_What is required_: Write out again, word for word, the lines below from the line that holds "Informed Investor masthead" through the line that holds "Women's Black Tassel", omitting pictures.

_Dataset records_:
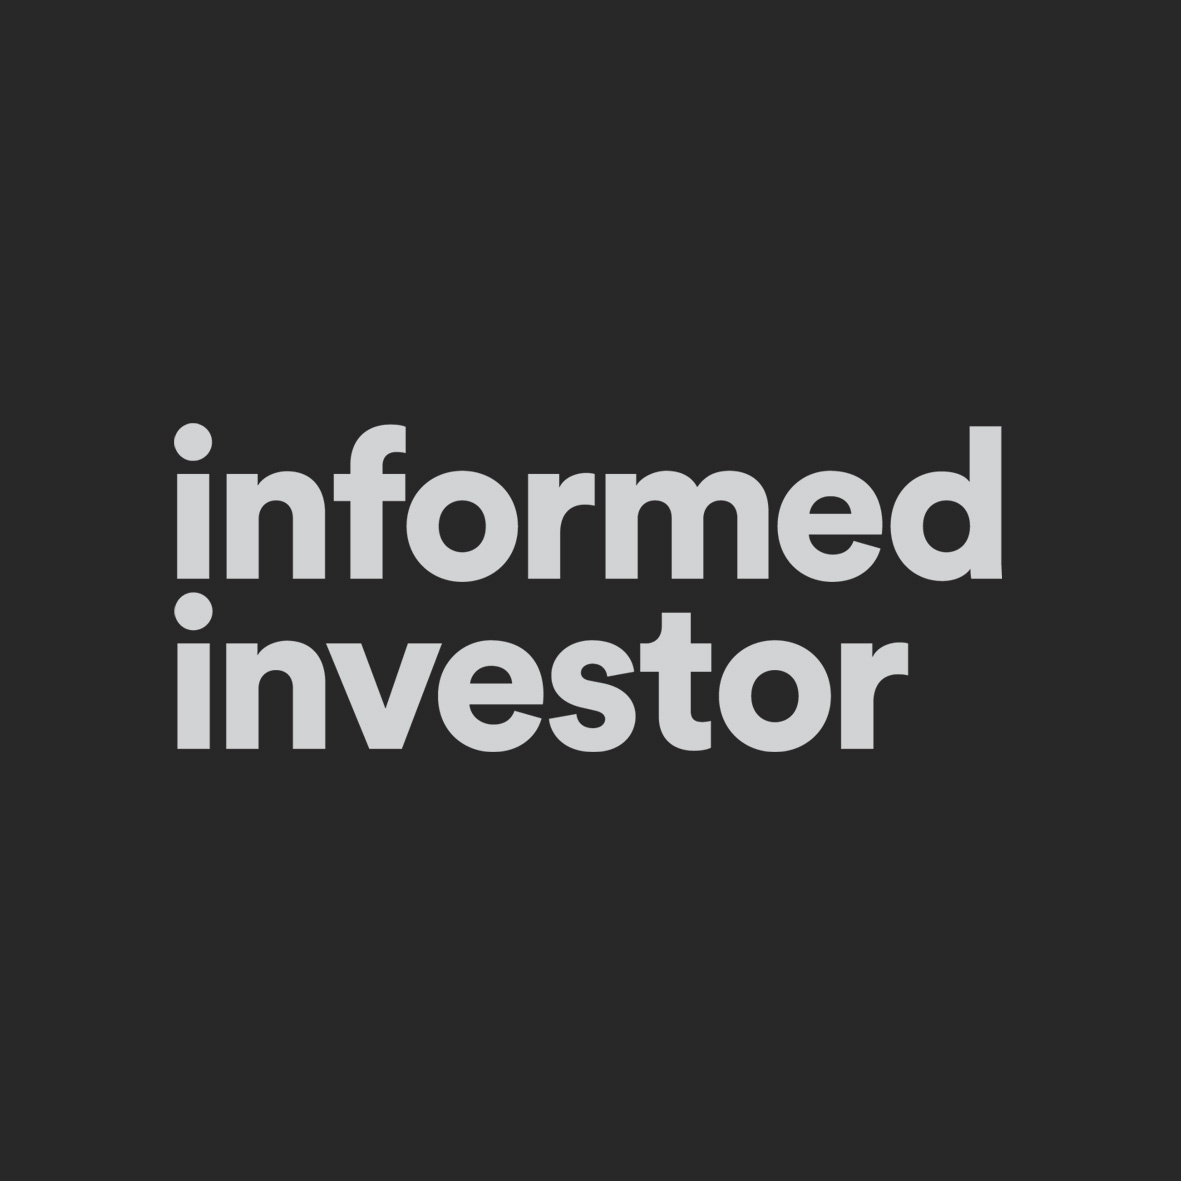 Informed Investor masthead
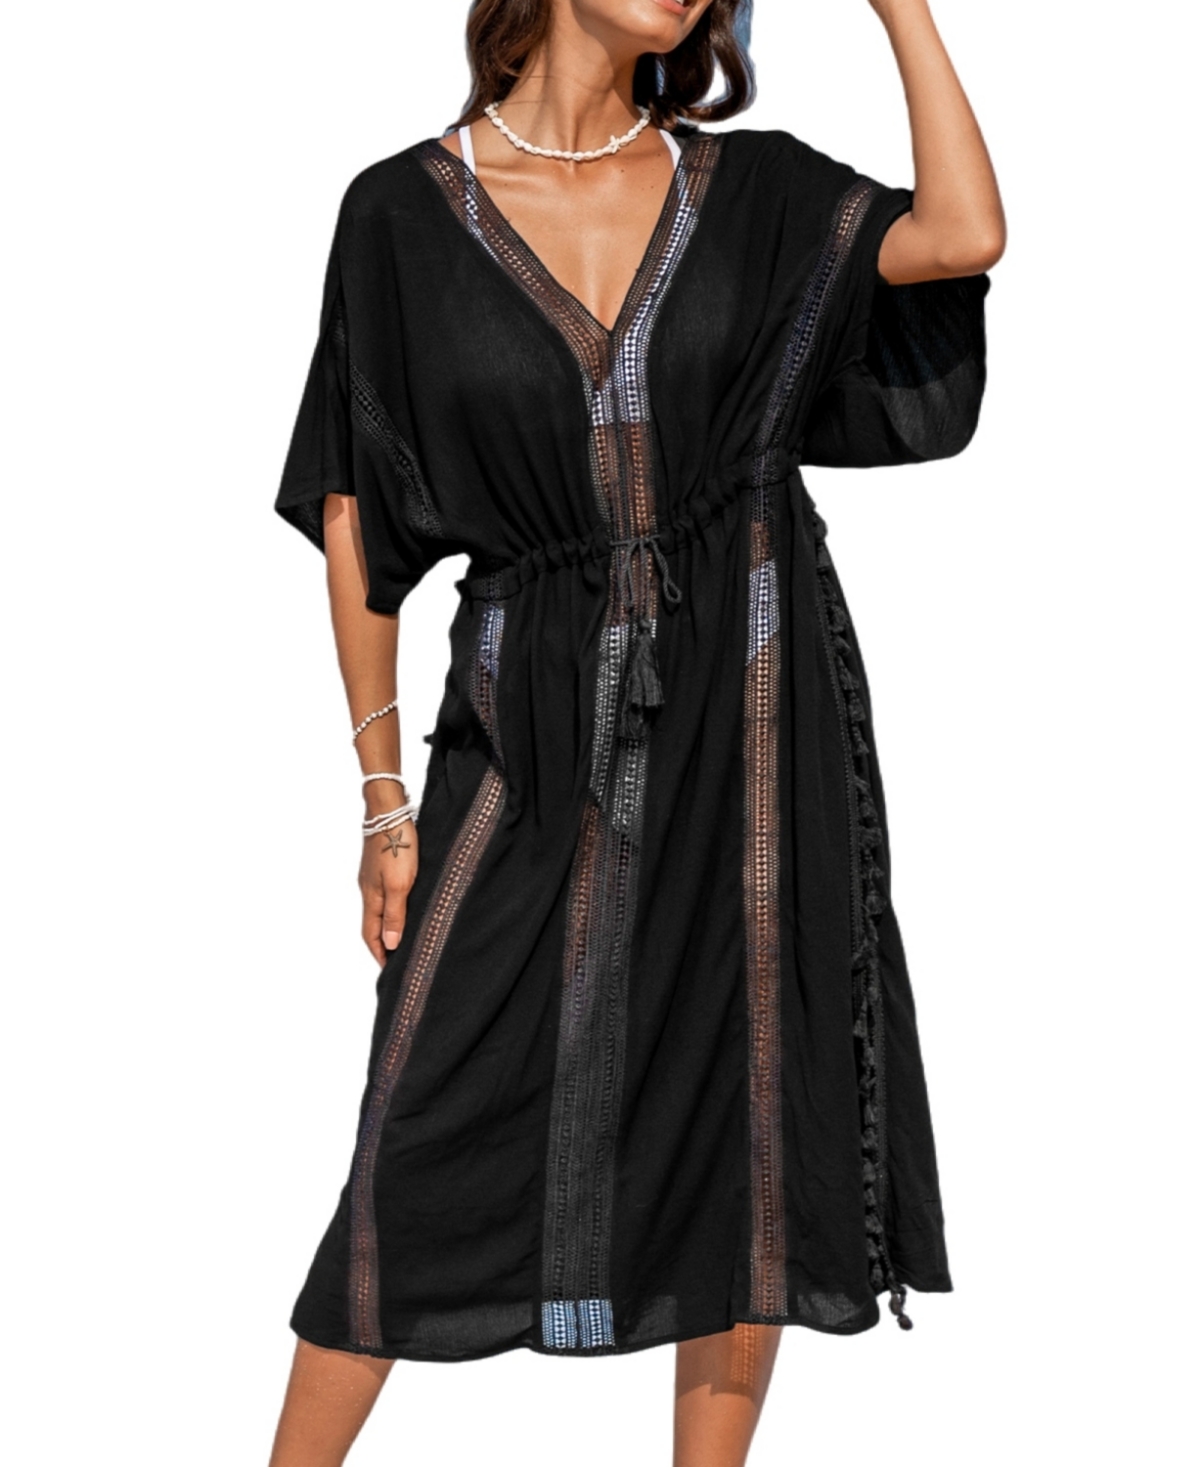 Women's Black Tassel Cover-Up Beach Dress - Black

--

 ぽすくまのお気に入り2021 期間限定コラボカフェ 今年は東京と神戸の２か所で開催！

==

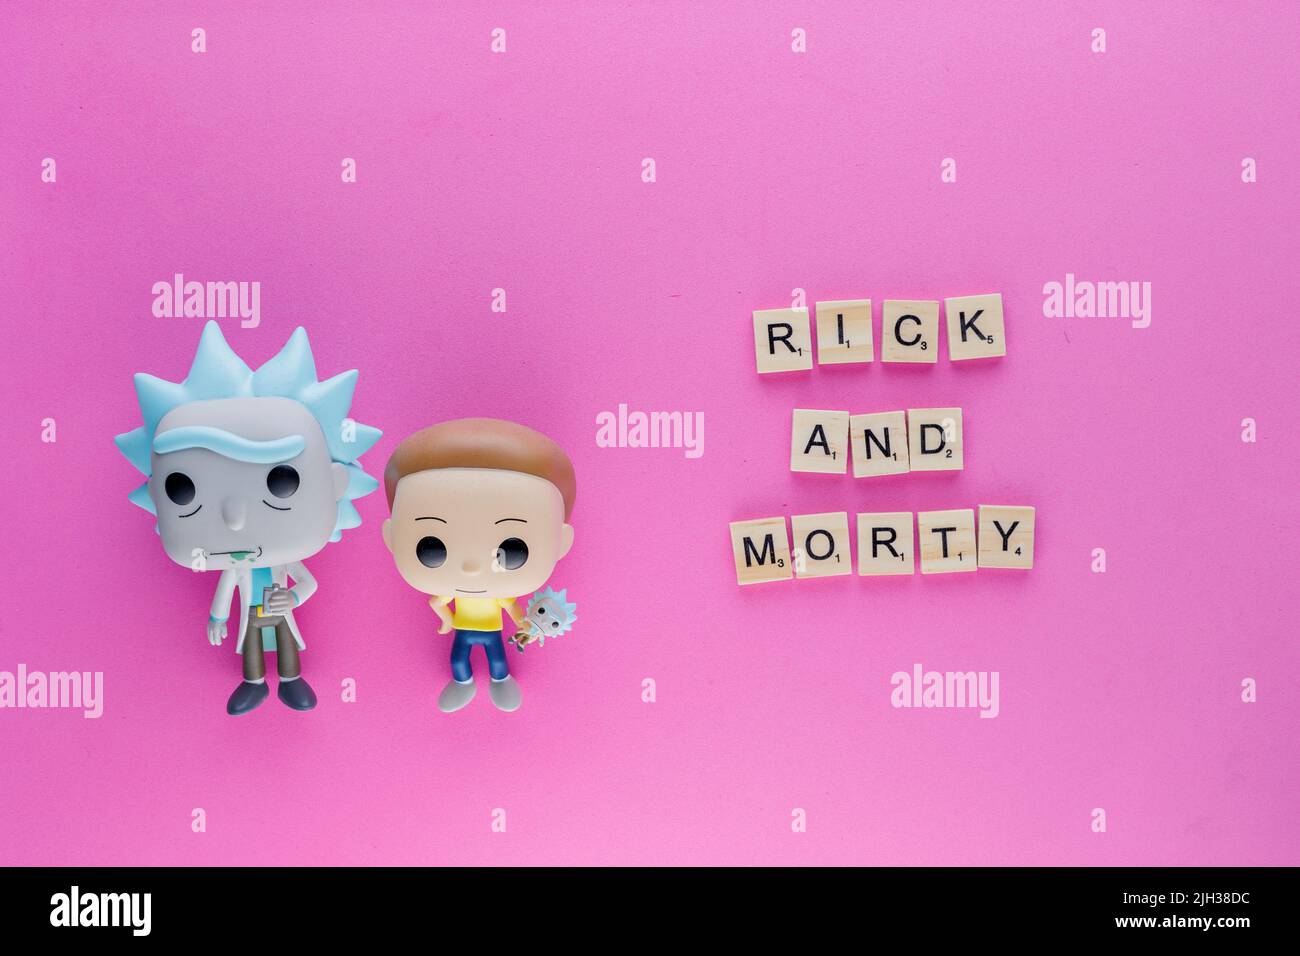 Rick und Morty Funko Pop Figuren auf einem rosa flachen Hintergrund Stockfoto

_Exercise output_:
 Informed Investor masthead
 Women's Black Tassel Cover-Up Beach Dress - Black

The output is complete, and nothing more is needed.